Thursday, March 18, 2010

Review: "Repo Men"


What a steaming pile of a movie.

Part sci-fi fable, part blood-spurting action film, "Repo Men" is a movie with a lot of ideas but no concept how to weave them together. It veers wildly from futuristic satire to knife fights to anti-capitalist screed, with a little love story and buddy-cop stuff thrown into the blender.

Here's the setup: Jude Law and Forest Whitaker are Remy and Jake, lifelong pals who traded the soldier life for repossessing artificial organs from people behind on their payments. And it's not some genteel transaction: They zap their targets with electrical darts, slice them open and tear out the mechanical liver, kidney, lungs, whatever -- even if it means death, and it usually does.

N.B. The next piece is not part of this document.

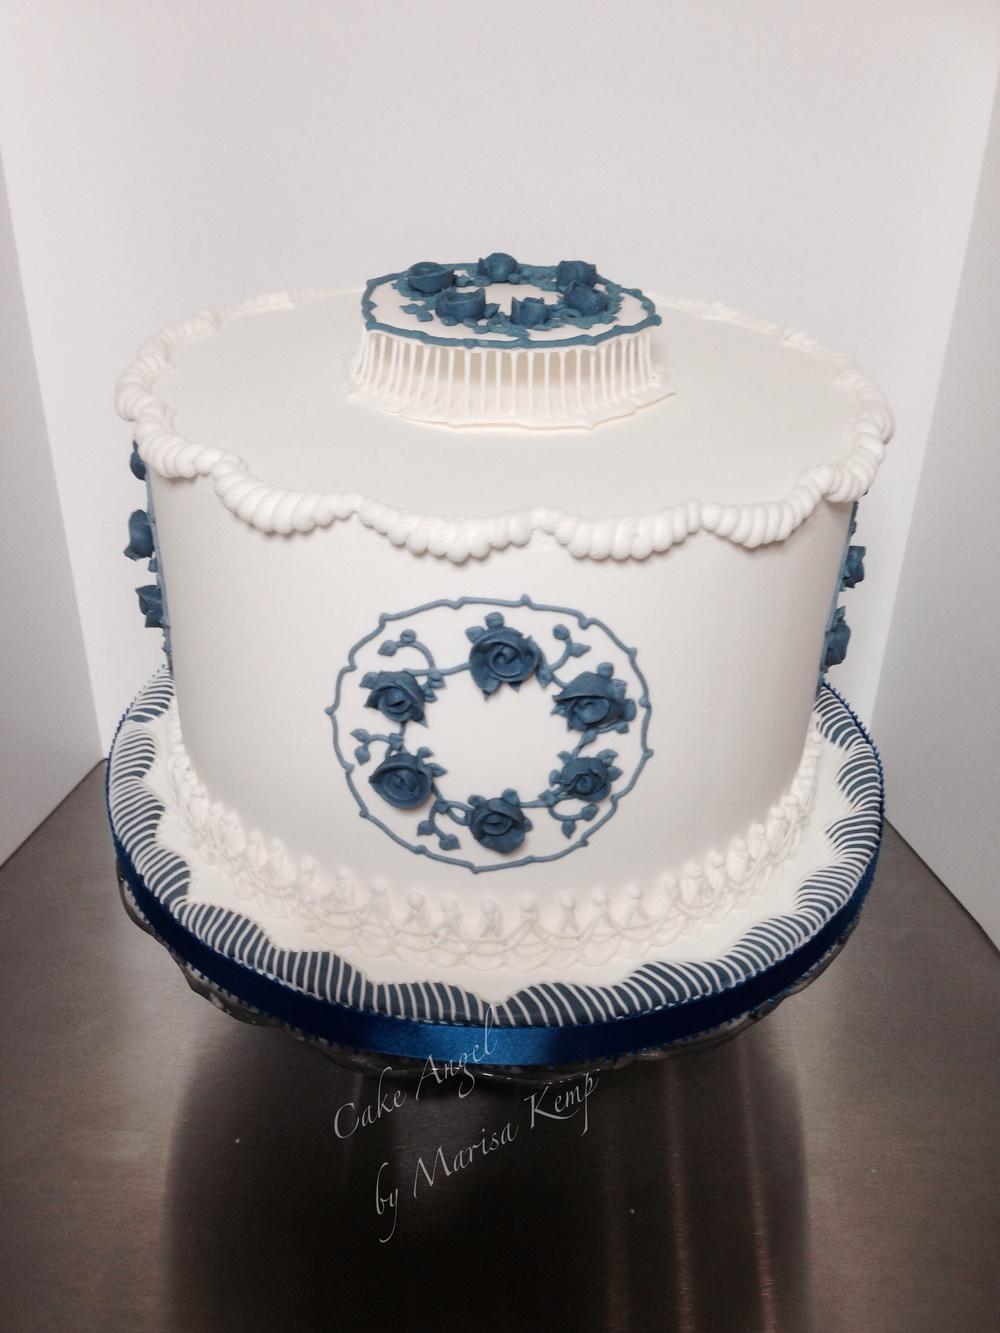 Celebration and Wedding Cakes — Cake Angel

Now, you might think that it's hard to like a couple of characters who gleefully carve up other people for a commission. And you'd be right. The repo men -- who are for some reason marked with a special neck tattoo -- are essentially licensed thugs, not so much trampling on civil liberties as acting as if they didn't exist.

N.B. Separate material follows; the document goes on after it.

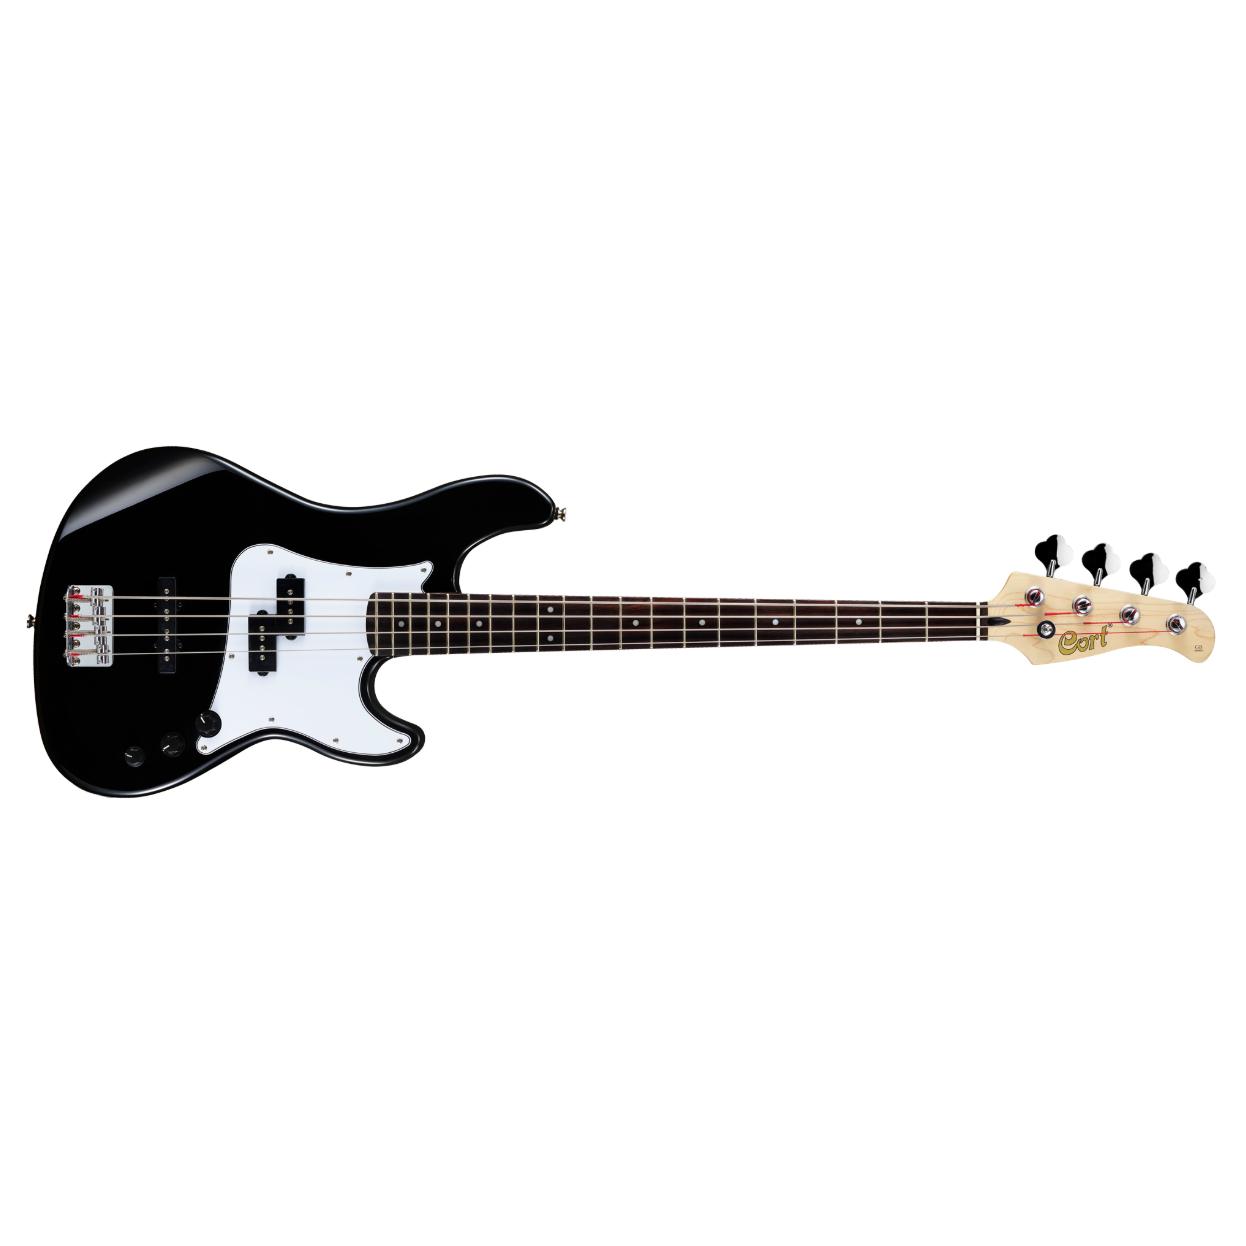 콜트 일렉트릭 베이스 기타, GB14PJ, Black

The film is set in a vague near future, where cityscapes teem with video billboards and vertical overdevelopment a la "Blade Runner" -- and yet Remy's car looks suspiciously like a 2010 Subaru with a few bolt-ons.

It's the sort of universe where miraculous "Artiforgs" are marketed to the masses, but firearms seem to be a forgotten technology: Jake and Remy rarely encounter resistance any stiffer than a switchblade.

Remy's wife (Carice van Houten) wants him to give up the repo life and go into organ sales instead -- it's still the same nasty business, but hey, at least now he can work 9-to-5.

His life gets turned upside down when a job reclaiming a heart from a famous jazz musician goes bad, and Remy's left with his own artificial ticker. Back on the job he discovers his taste for killing strangers has ebbed -- a real change of heart, get it? -- and soon he's behind on his payments.

It's not long before the creepy boss (Liev Schreiber) taps Jake to go after Remy. On the run, he teams up with a nightclub singer (Alice Braga) who has more replacement parts than she can remember.

My objections to this film are many, but here's the ones I can think up right now:

· Why is it that so many people need new organs? They're so numerous they band together into small armies to hide out from repo men. Is there something in the future water making everyone rot on the insides?

· Wouldn't you think if a company was sending out goons to rip people open because they can't make their payments, the media would be reporting on it, day in and day out?

· All the female roles seem to be played by actresses with indistinct, hard-to-place accents that make it very difficult to understand their dialogue.

· Remy is presented as a dumb, brutish guy: There's even a flashback to his Army days, where he's assigned tank duty because of his "small brain and big skull." Yet at one point in the movie, he sits down and writes an entire book about his experiences in the repo biz.

"Repo Men" is based on a novel by Eric Garcia, who co-wrote the screenplay with TV vet Garrett Lerner, and was directed by Miguel Sapochnik, his first feature film. Normally I try to be charitable to novices, but based on this borderline-unwatchable mess, their nascent careers should be recalled.

1.5 stars

1 comment:

  1. Solid. I had no idea where you were going, based on that first sentence(!) So it's not even bad-good, like the first Fast & Furious movie?